◆ Required action: Leave out any pictures and transcribe all other data below exactly.

◆ The data:
==========
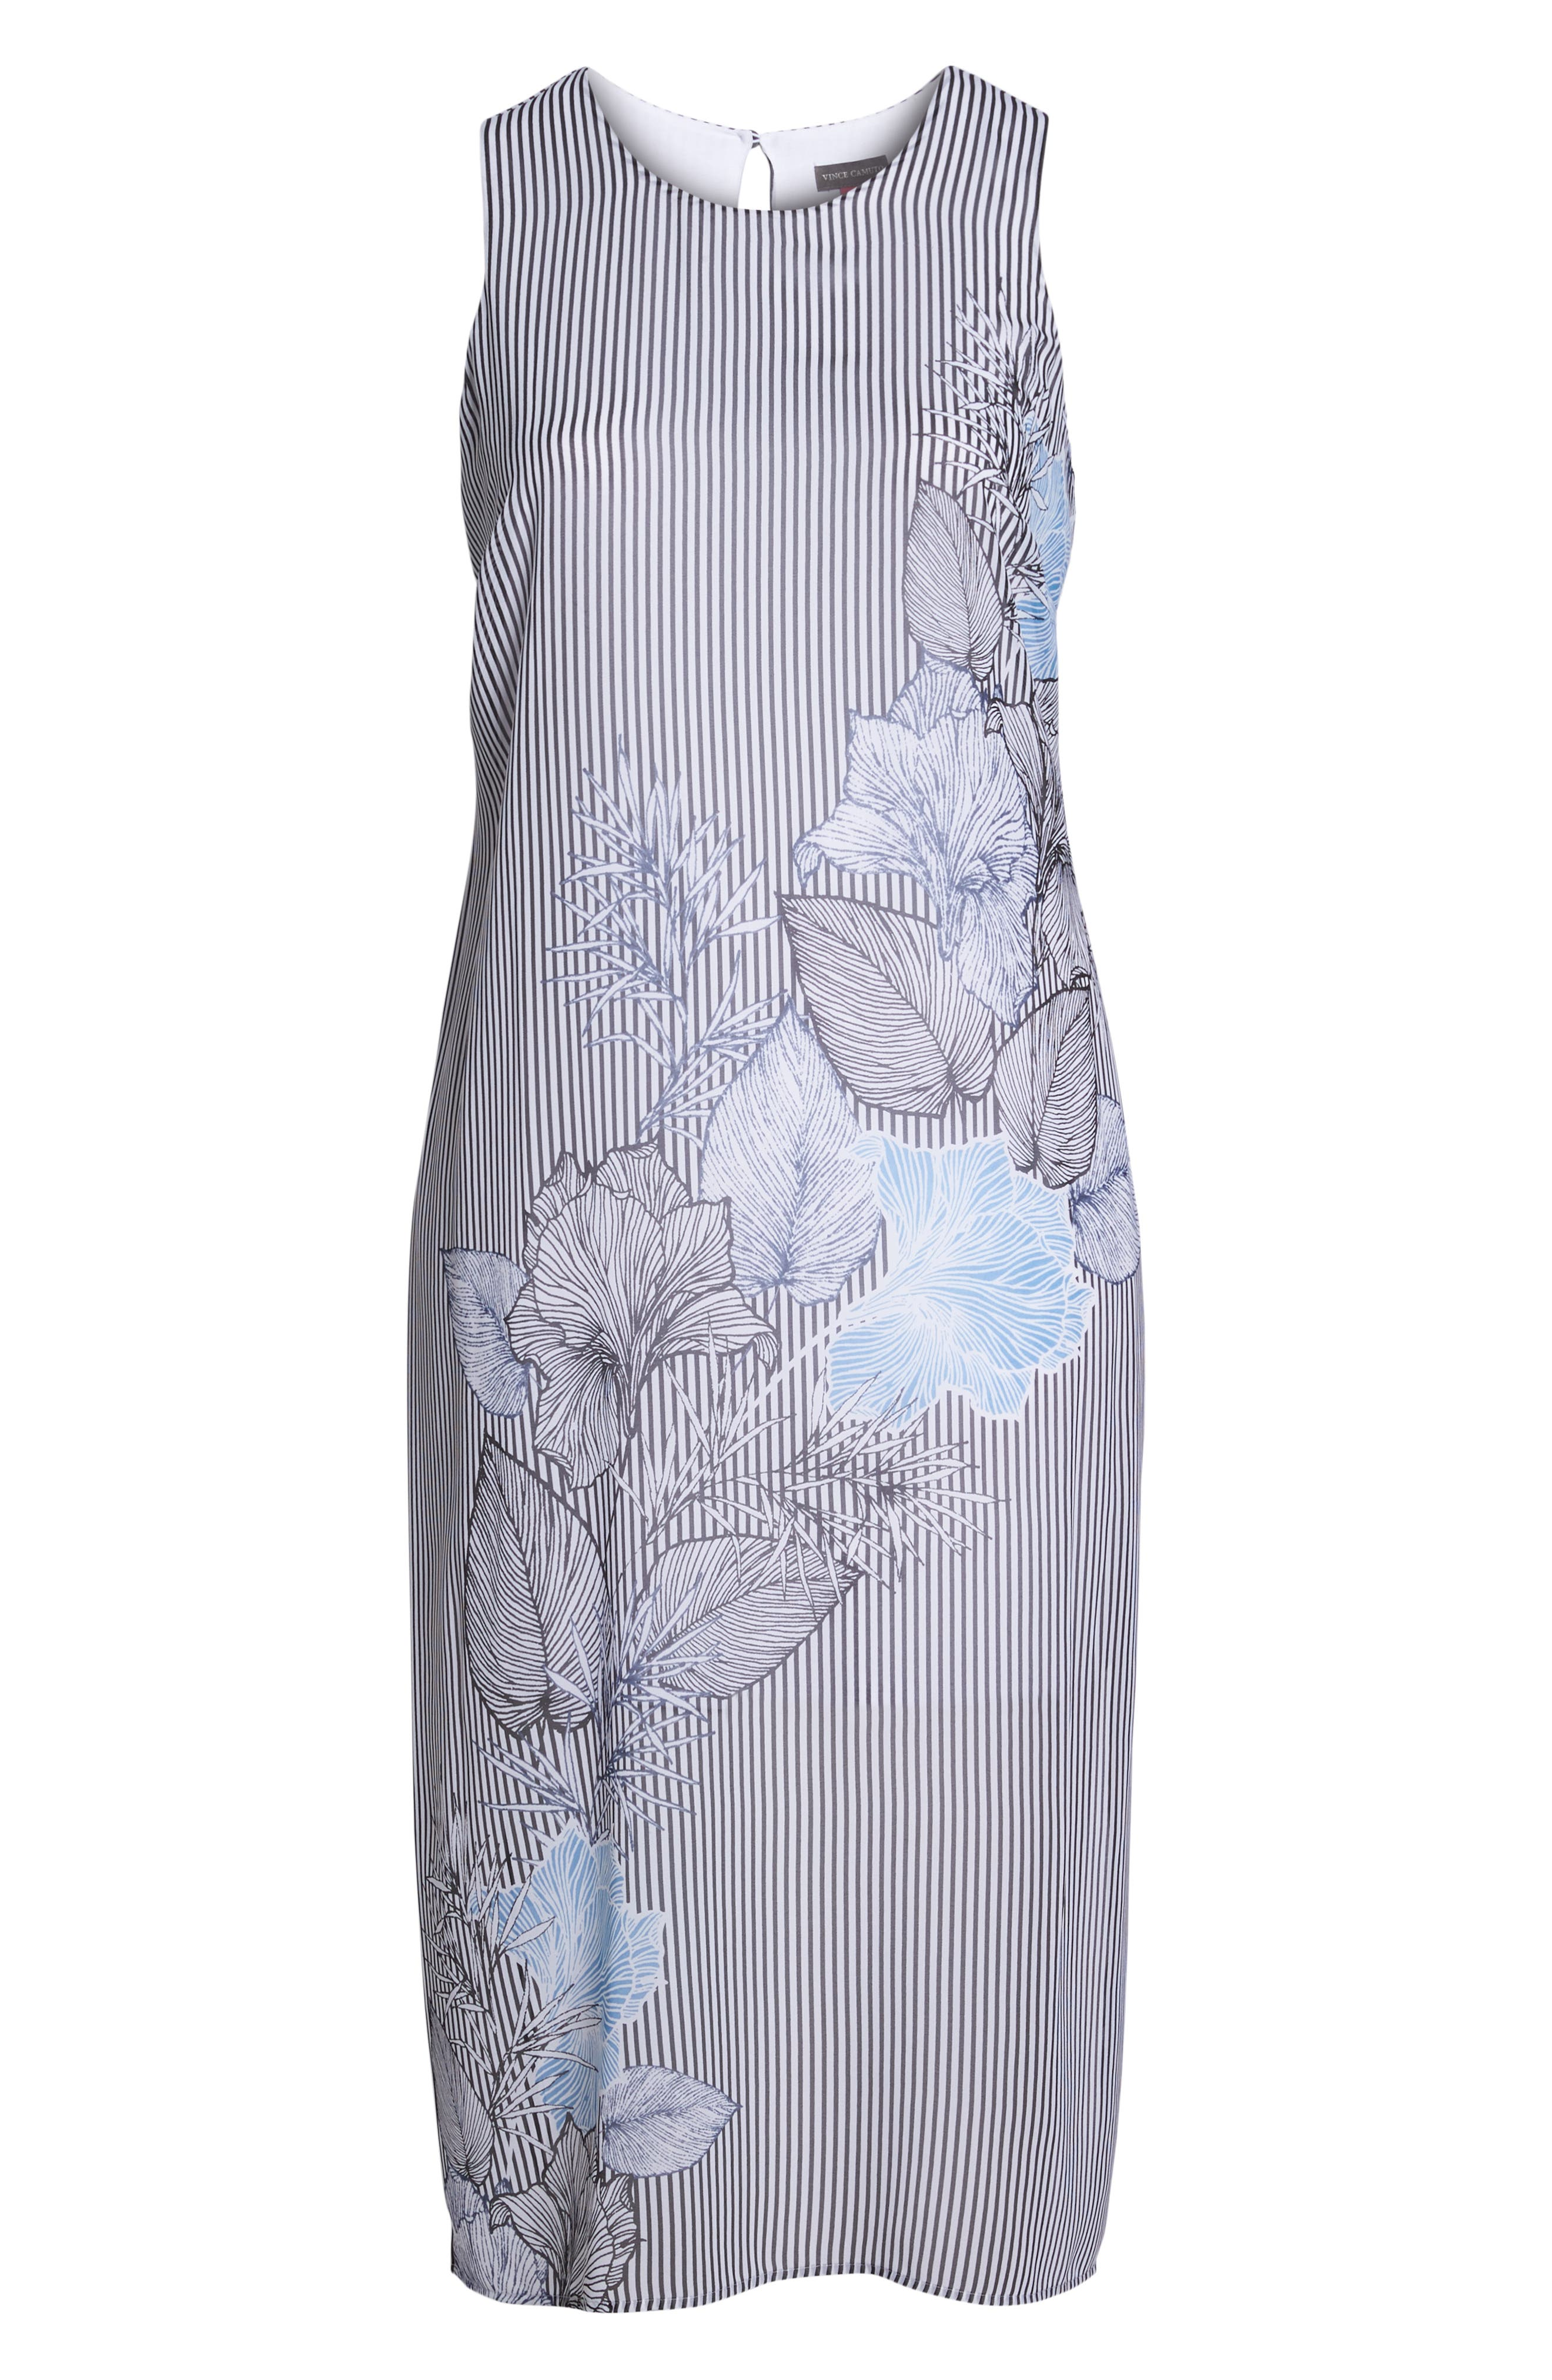 Island Floral Chiffon Maxi Dress,                             Alternate thumbnail 7, color,                             010
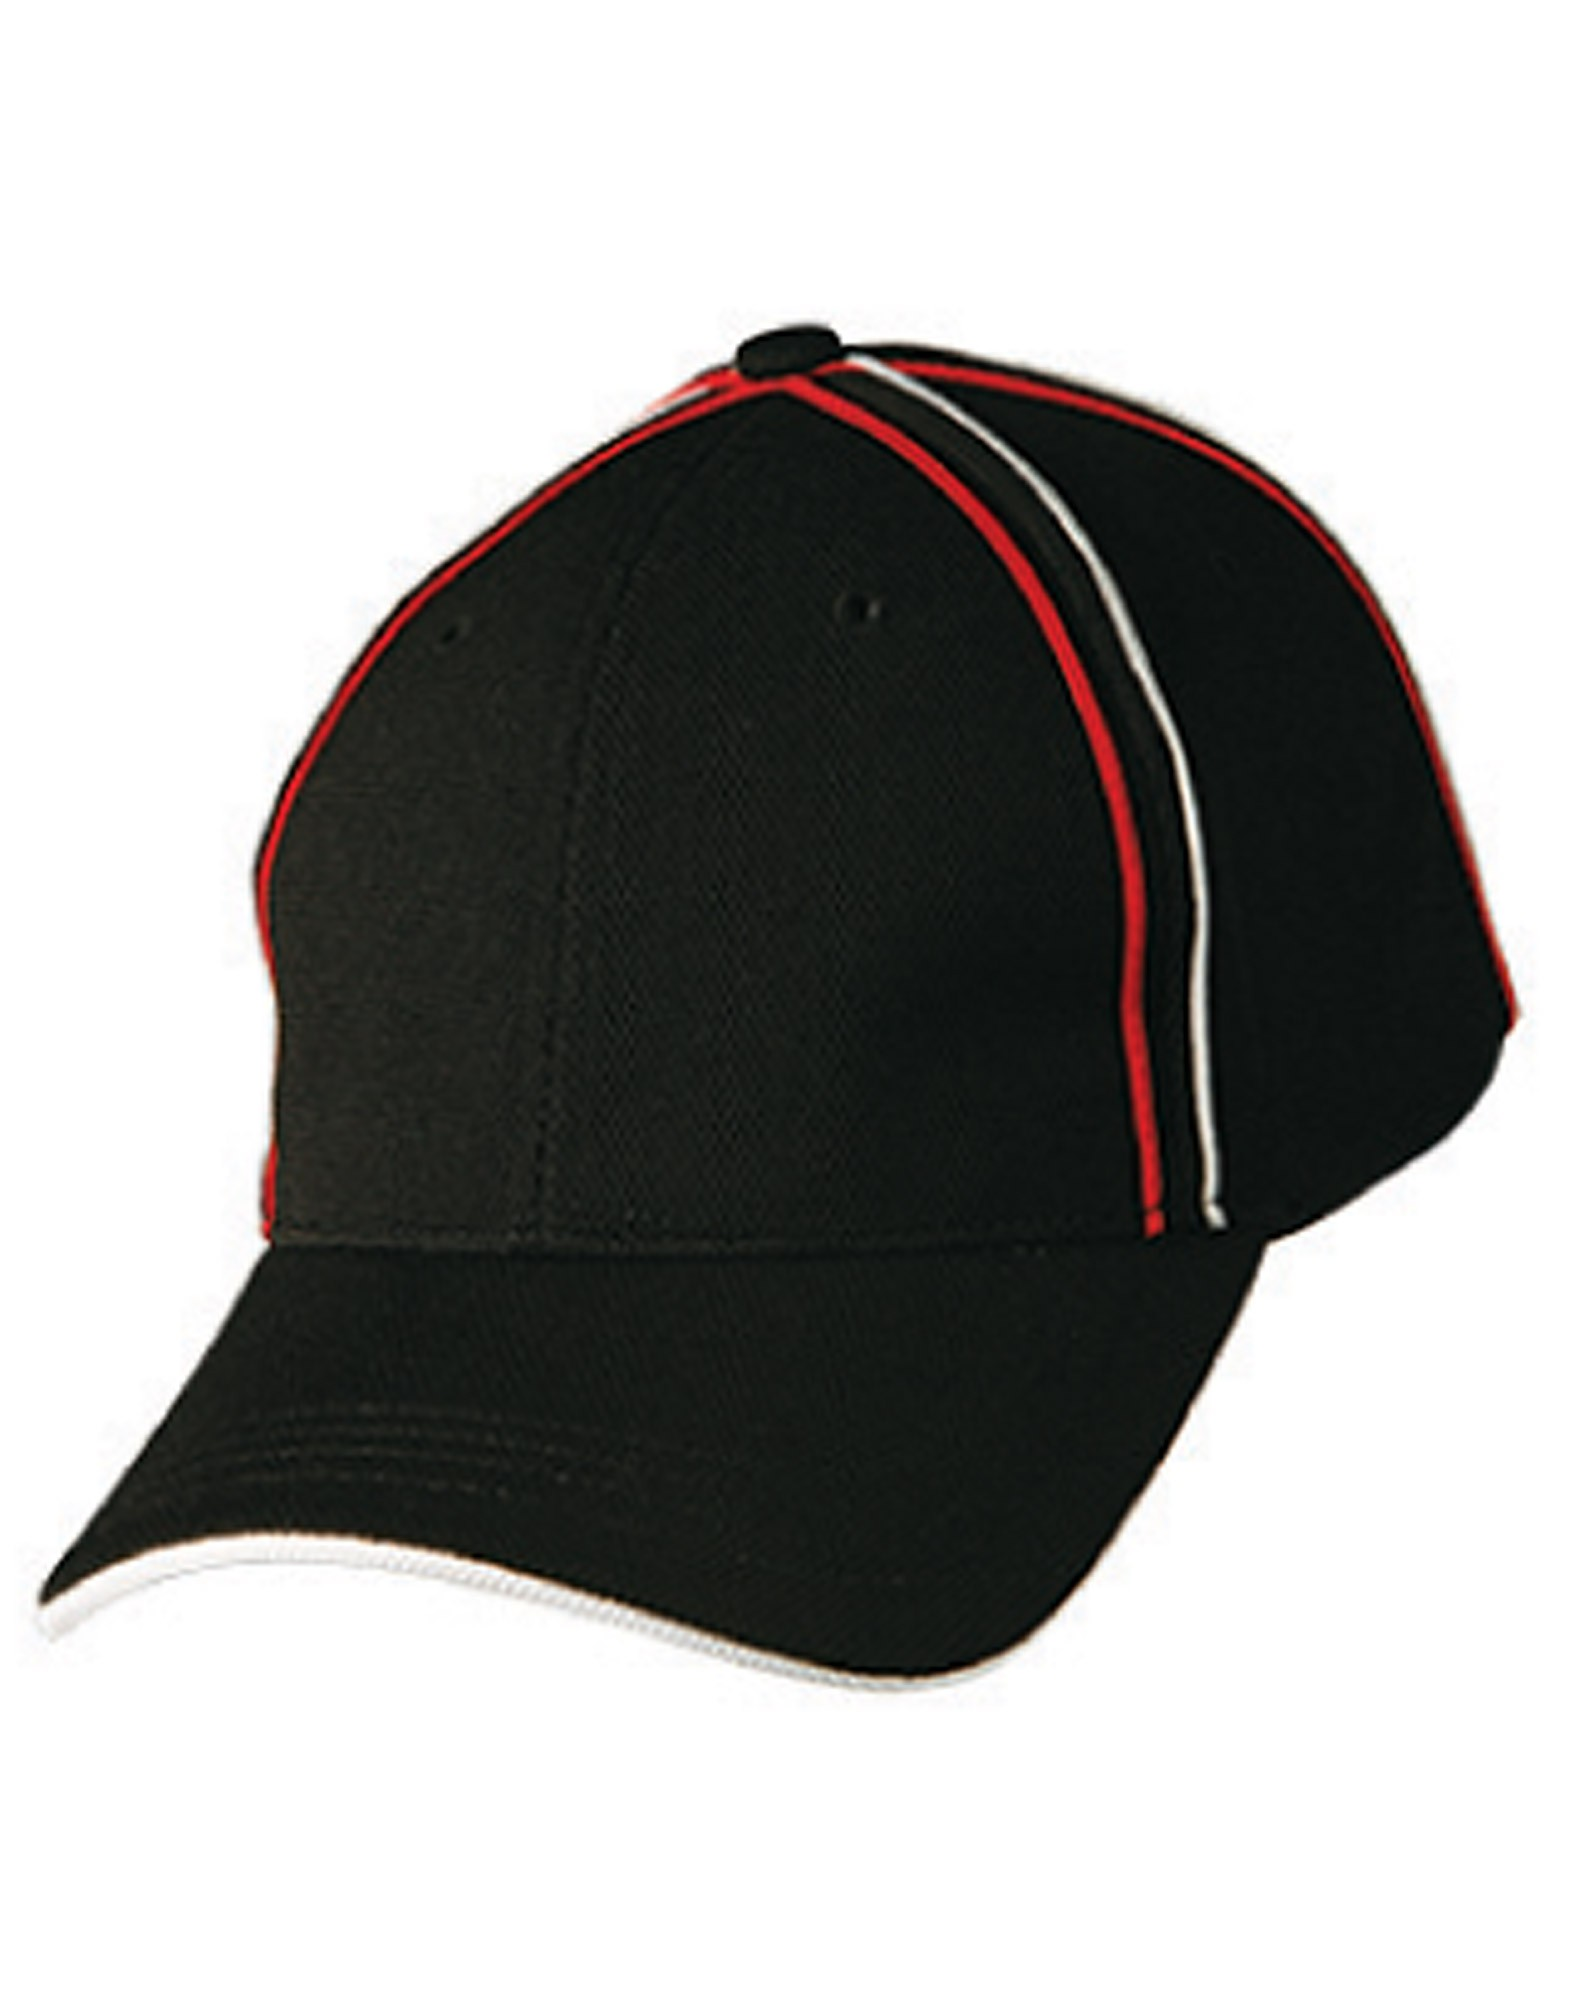 Tri_Colour Pique Mesh Cap
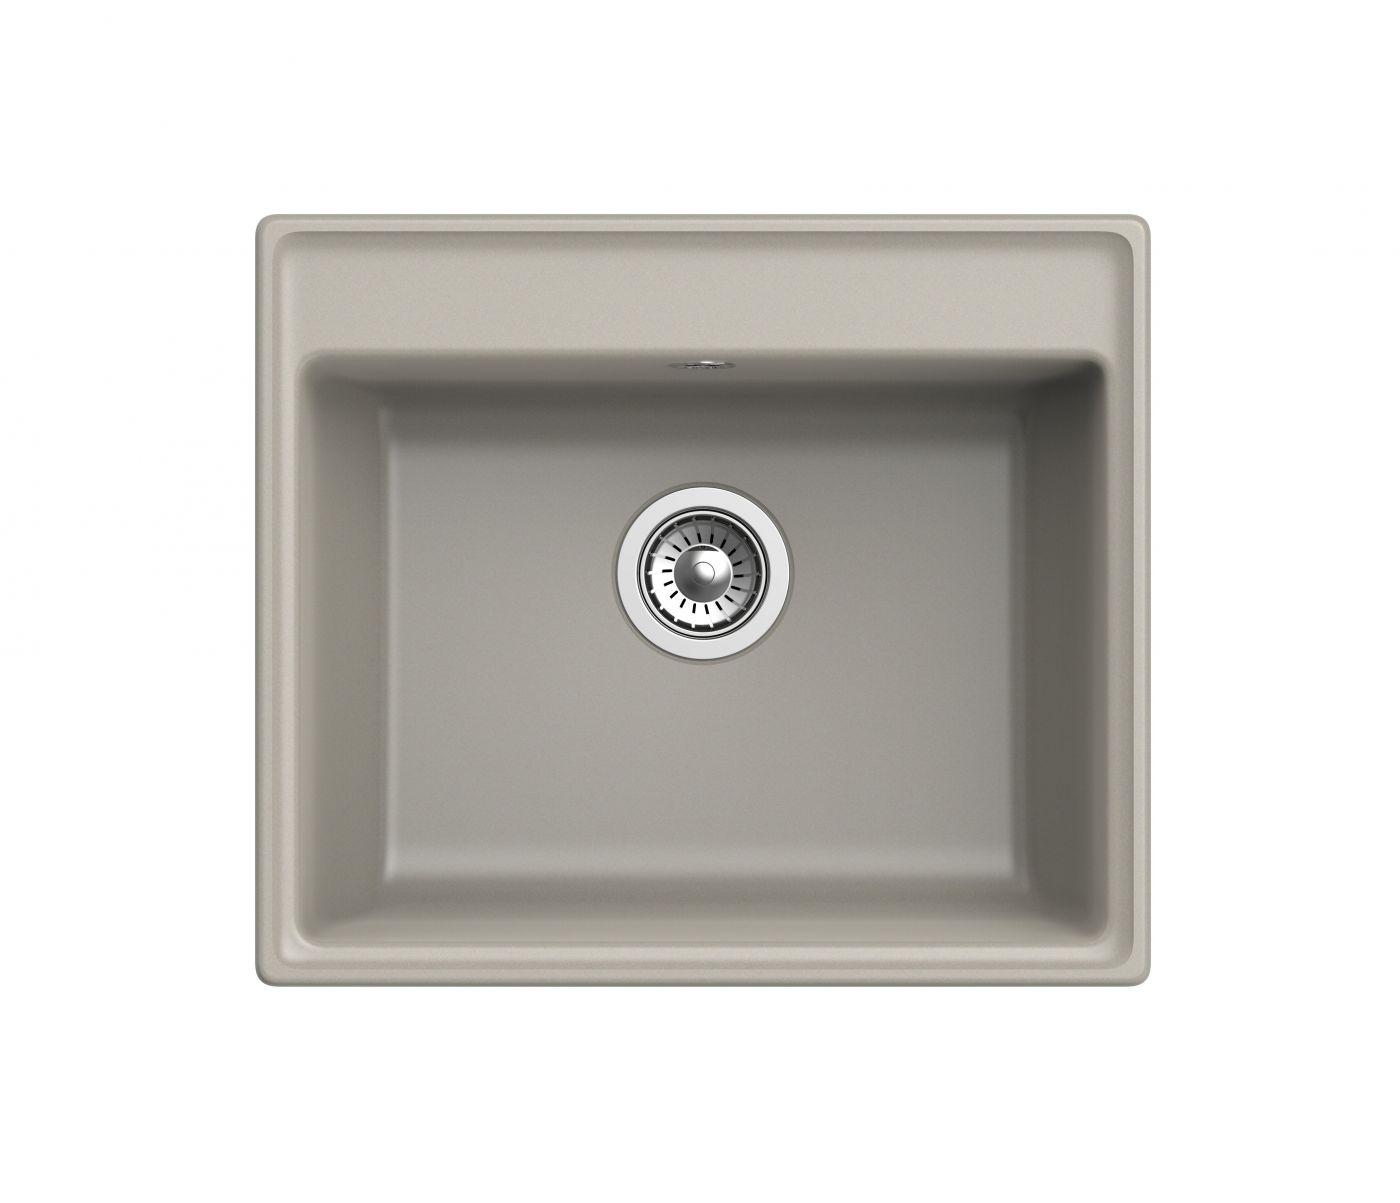 Мраморная мойка для кухни GranFest Vertex GF-V580 Топаз
==========
◆ Reply:
 Island Floral Chiffon Maxi Dress,                             Alternate thumbnail 7, color,                             010
 Tri_Colour Pique Mesh Cap
 Мраморная мойка для кухни GranFest Vertex GF-V580 Топаз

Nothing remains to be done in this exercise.